Performing and Exploring in Estonia

Posted By on May 22, 2006

After twenty-two years of orchestral employment, I thought I had played just about every major work ever written, especially the grand works composed before 1960. Yet here I sat in an airplane heading for Tallin, Estonia and in my horn case is the first horn part to Sir William Walton`s Symphony Nr. 1. The Orchestre Philharmonique du Luxembourg under the baton of Mr. Bramwell Tovey was booked to perform the 45-minute work three times on this trip. For the uninitiated who may have the Walton Symphony on your next season`s agenda, be sure you get free for the first half of the concert! Having said that, I understand it is performed in Britain rather often.

As is usual for me on these tours, I happily combine the musical purpose of being there in the first place with an enthusiastic exploration of both the city and its cuisine.

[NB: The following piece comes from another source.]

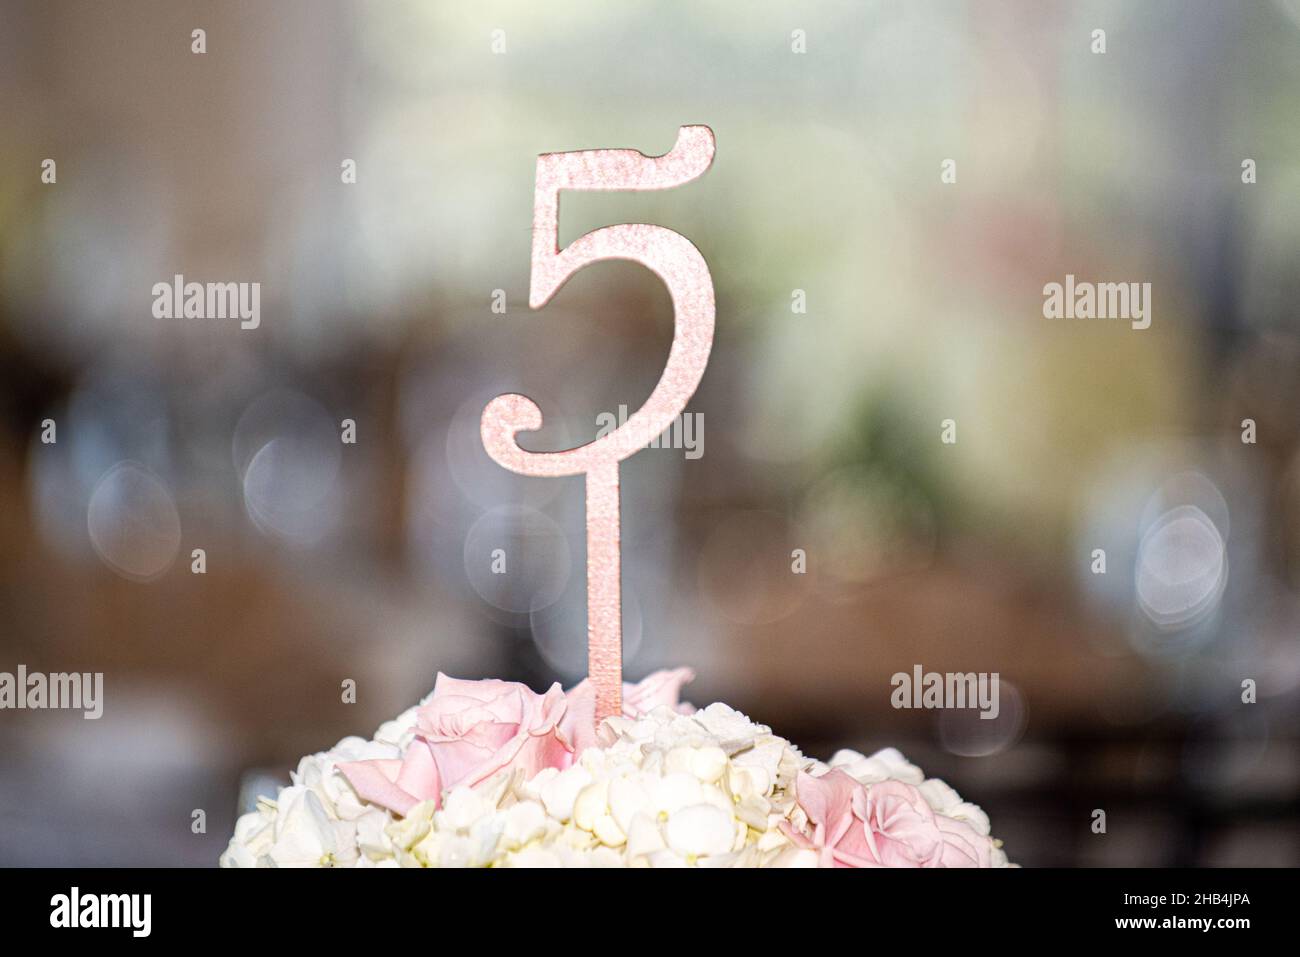 Pink number five guest place indicator sign in flowers at elegant wedding reception table Stock Photo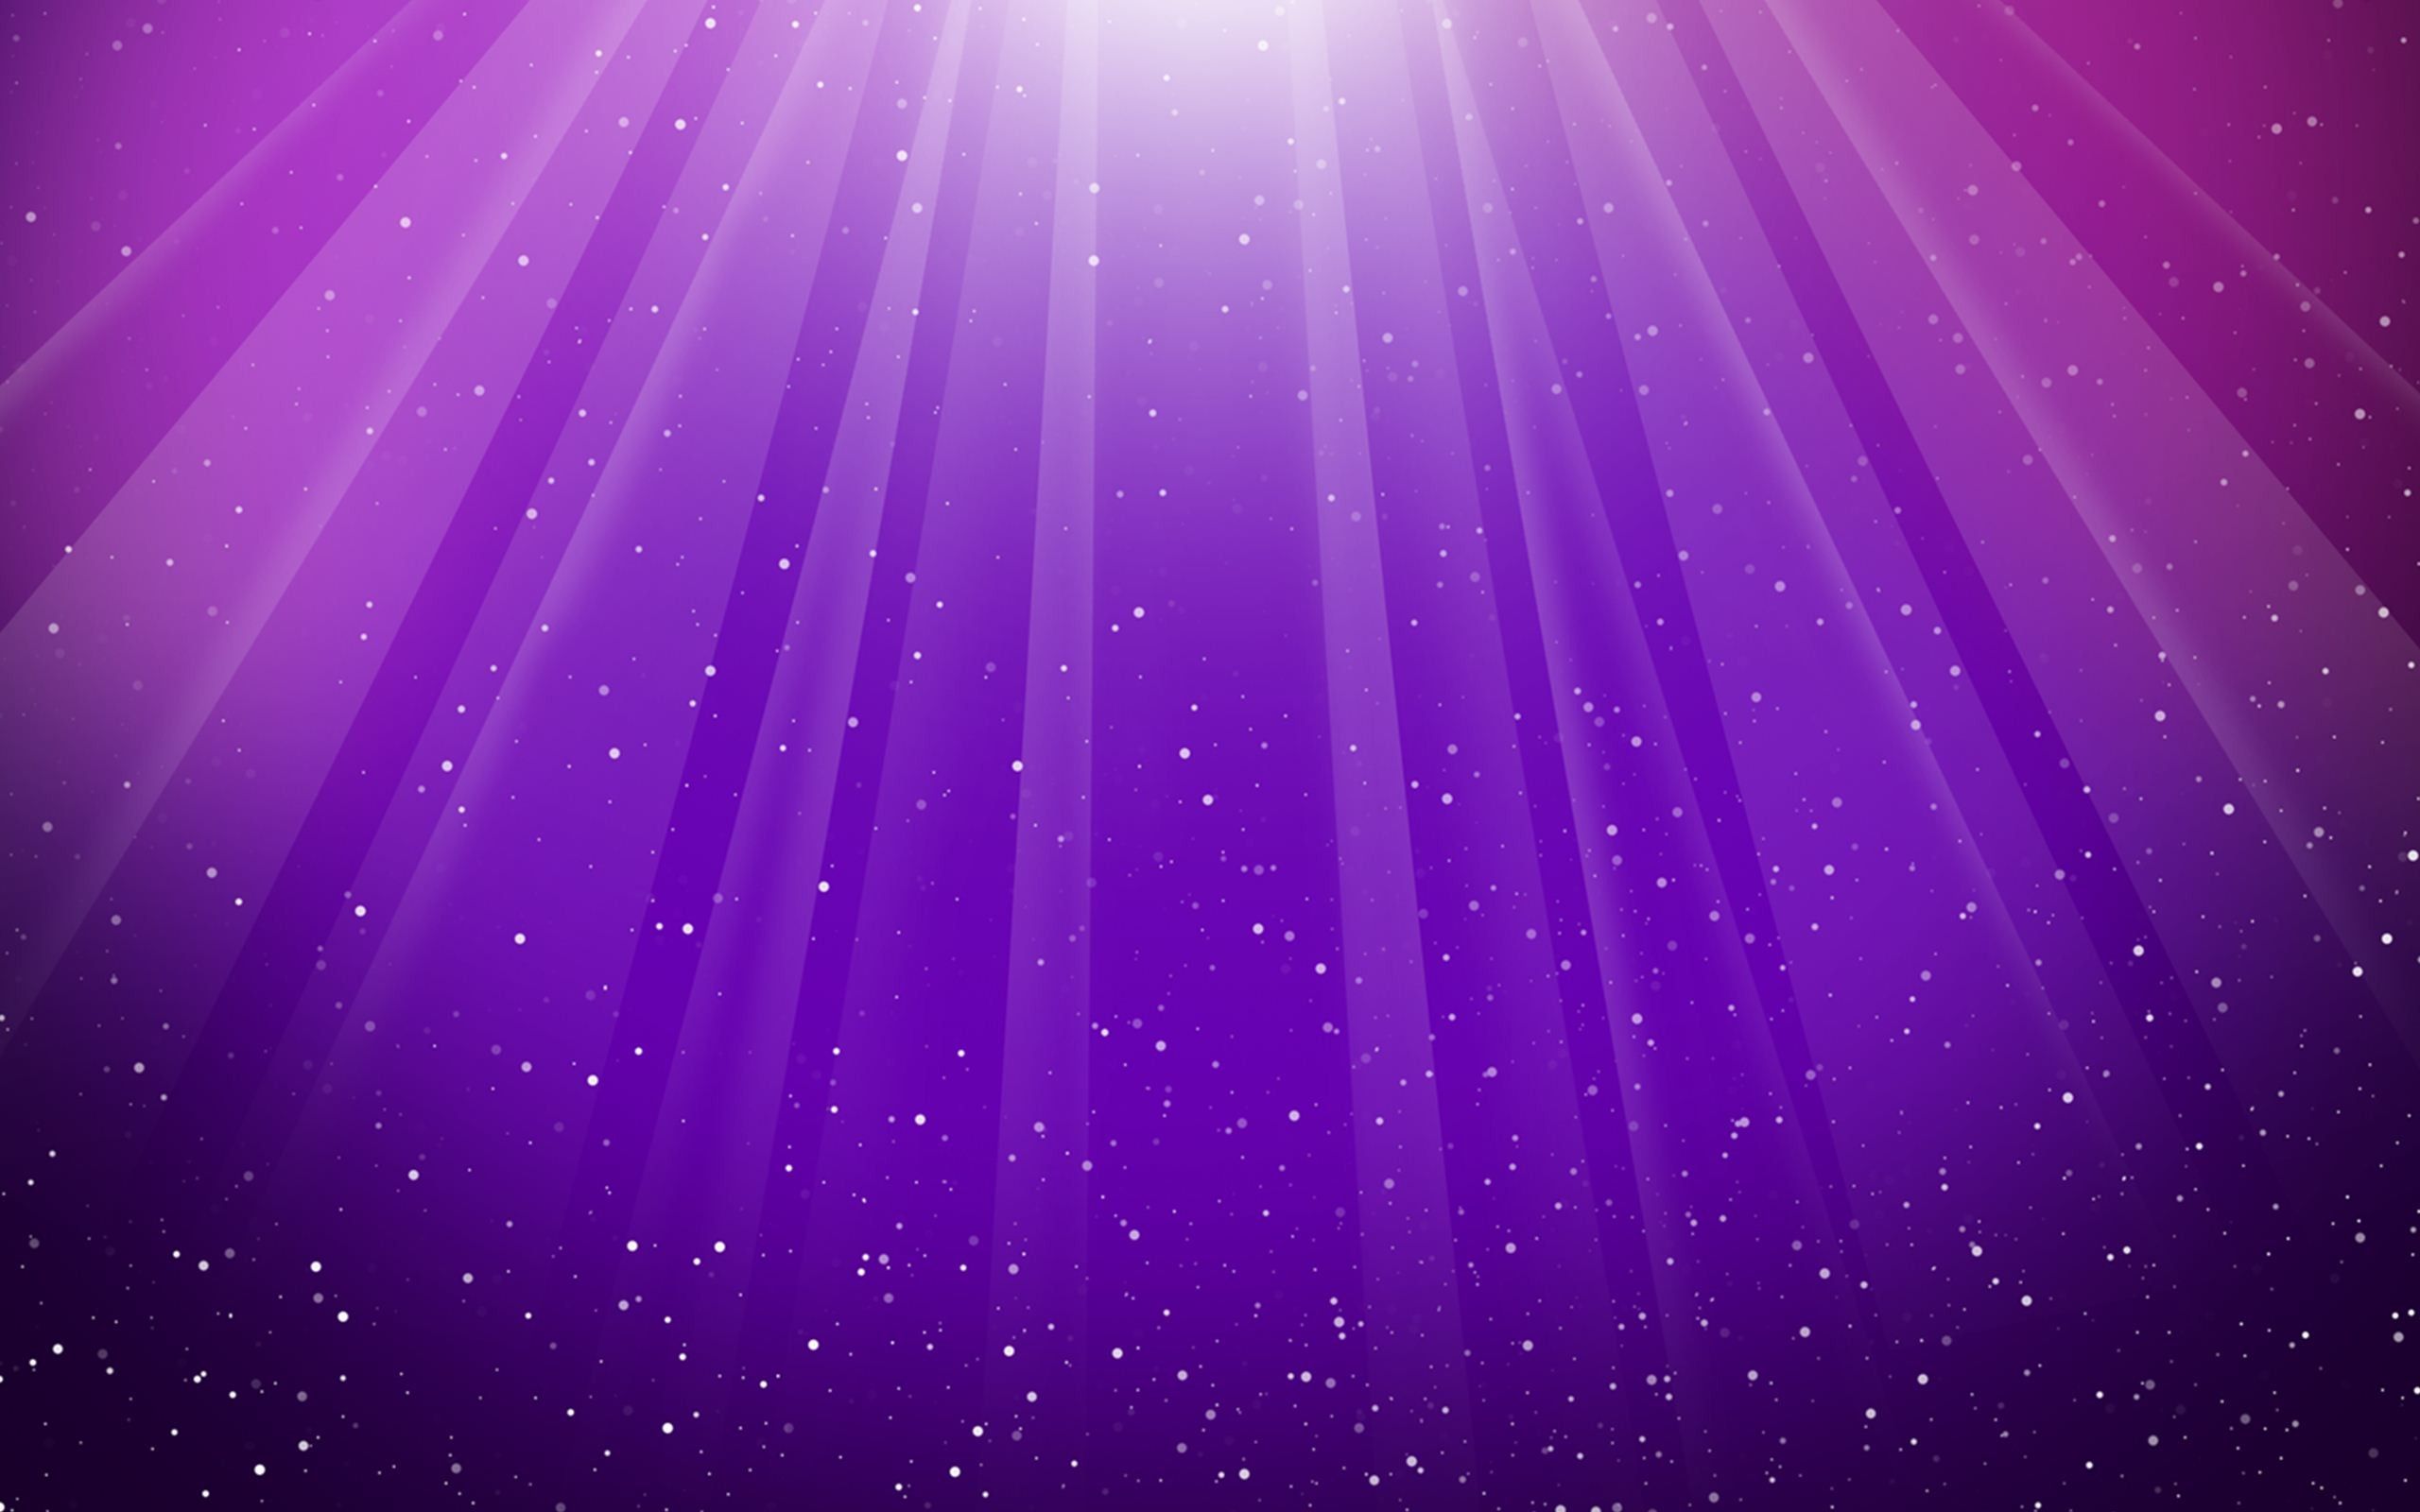 Violet Abstract Wallpapers - 4k, HD Violet Abstract Backgrounds on

The old town of Tallin proved to be a total delight in every way. It was of course part of the Hanseatic League for centuries (I say, of course, but actually I did not know this until I arrived) and has preserved most of the old buildings, cobblestone streets and charm that its partner Hanseatic cities possess. The restraunts and souvenir stores push the “medieval thing” pretty hard as a gimmick, but hey, it works for me! I climbed to the top of the Oliviste Church to behold a spectacular view of the city and its harbor and I visited the Russian Orthodox, Catholic and Protestant churches, each very different from the other (disproving a statement I over heard from an elderly german tourist who, siting on a park bench while his wife explored one of the churches said, “Sie sehen alle gleich aus.”) And after the concerts we were able to chose between Estonian, Russian, Chinese, Italian, and Indian fare, as well as something they referred to as “Caucasian Food” (Glazed Ham and Macaroni and Cheese, Tuna Casserole with those potato chips crumbled on top?) But for me the best surprise was hidden deep in the ancient and windy cobblestoned streets, somewhere a little bit off the normal tourist path. Across the street from a fascinating antique shop was a tiny place called “Texas Honky Tonk Cantina”. Naw ya gotta luv a town that hassa joint lahk thayat!